When we are told that we are “privileged” — are we being told that our presumed privilege insulates us from being empathetic?

Who is this ordinary woman and who is to say that at various stages in my life and in different seasons of my journey I have not been that “ordinary” woman or walked in her shoes?

I think when people speak of privilege and scold us for thinking we know what’s best for the “ordinary” woman they are forgetting that for so many of us “privilege” is a by-product of struggle, a reward for sacrifices made and the attainment of what we once aspired to become.

Some of us were not born into privilege – we were born into the average Zimbabwean family and raised with the tag of “ordinary” as a default identity.

It is unfair, I think, to then consider us products of privilege when the vast majority of us are products of guts, hard work, struggle, sacrifice, determination, ambition and mostly tears.

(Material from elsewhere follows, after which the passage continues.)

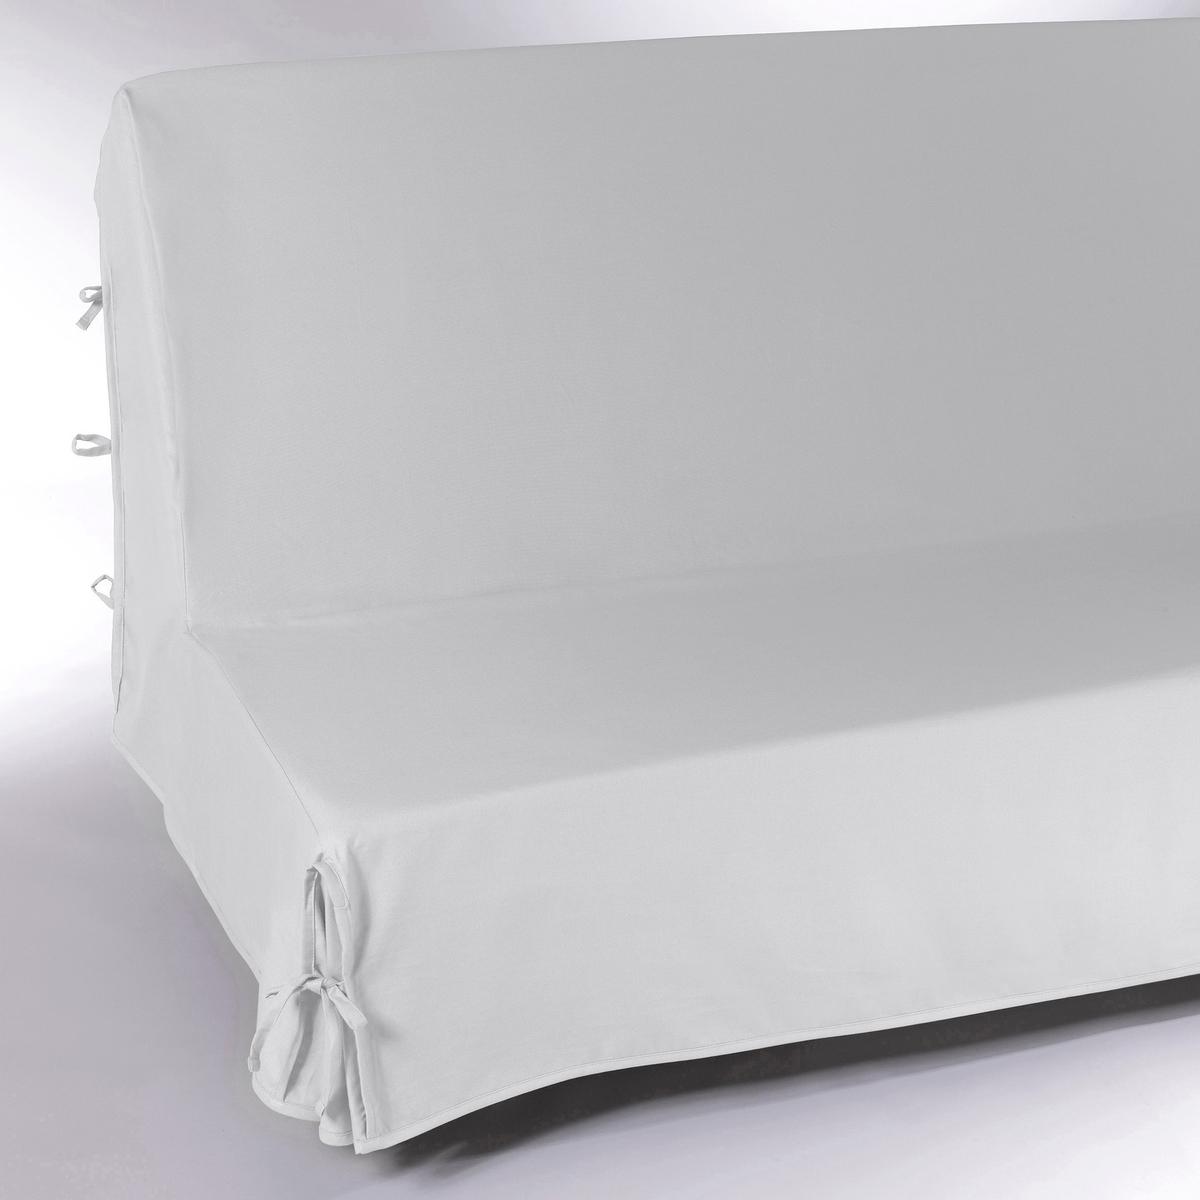 Чехол La Redoute Для раскладного дивана SCENARIO единый размер белый чехол стеганый для раскладного дивана scénario
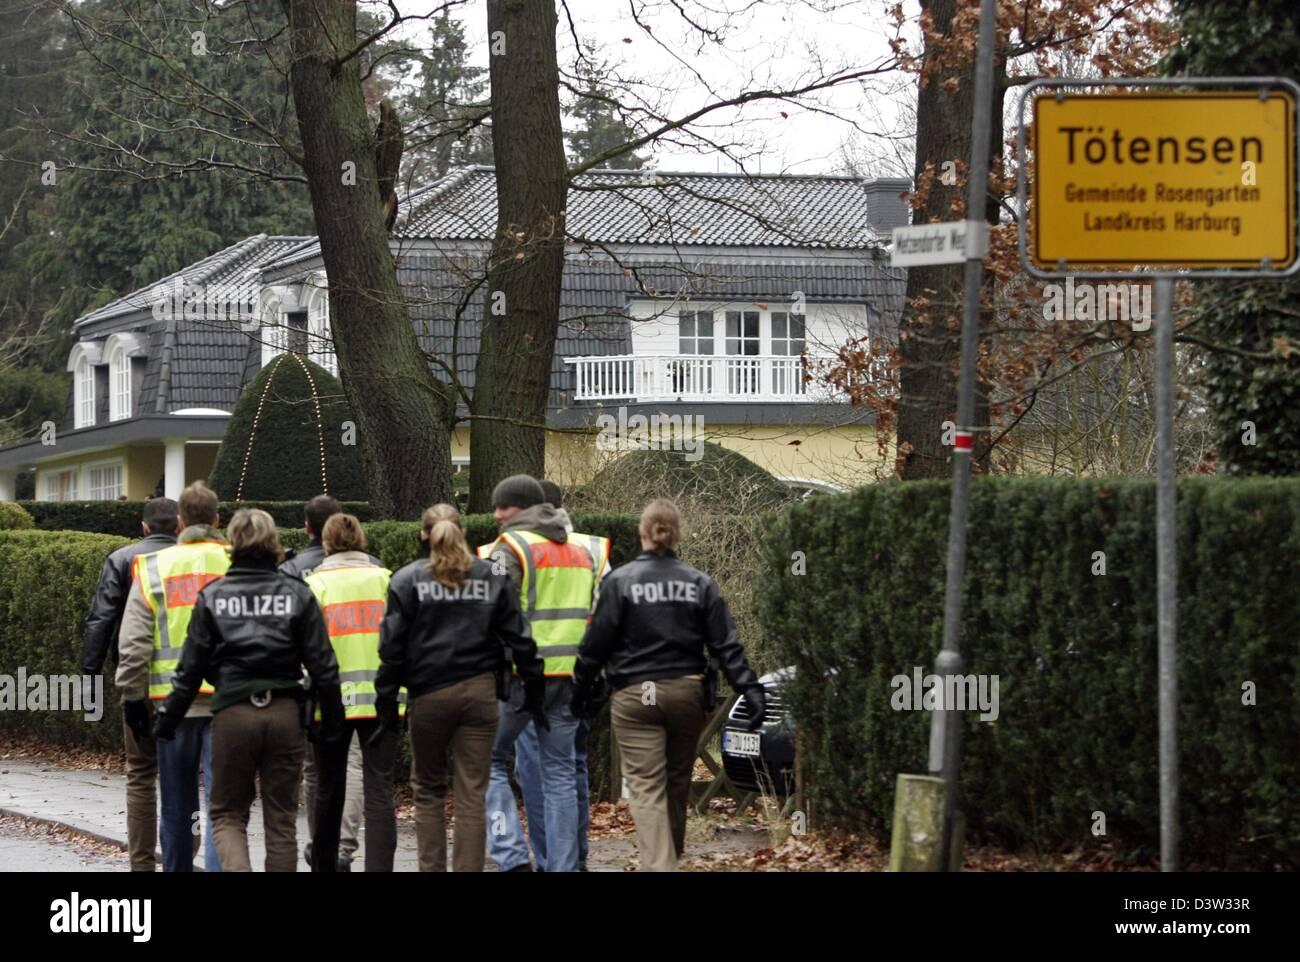 Tötensen Dieter Bohlen Adreße

We are the products of the tears of our mothers and their mothers’ mothers who raised us to claim a space of our own in a world that gives one nothing for free.

So when we speak of “ordinary” women, we speak of ourselves, of the women or young girls we once were and we speak of the women whom we modelled ourselves after — we speak of our sisters, our aunts, our cousins, our neighbours, our grandmothers and we speak of those whose lives impacted on our own.

We speak of our ordinariness in a world that only recognises our recently-acquired cloaks of privilege and uses those cloaks to delegitimise our voice because apparently we are “too educated” to know what it’s like to be illiterate; we are “too refined” to know what it’s like to be impoverished; we are “too travelled” to know what it’s like to live your entire life within the circumference of a village and we are “too driven” to know what it is like to be desperate.

I think our differences are more superficial than fundamental. I think that our commonalities often outweigh our social, class, or status-related stratification.

Perhaps to speak for myself (as is often safe and wise to do) — I am an ordinary woman who has a few modest accomplishments.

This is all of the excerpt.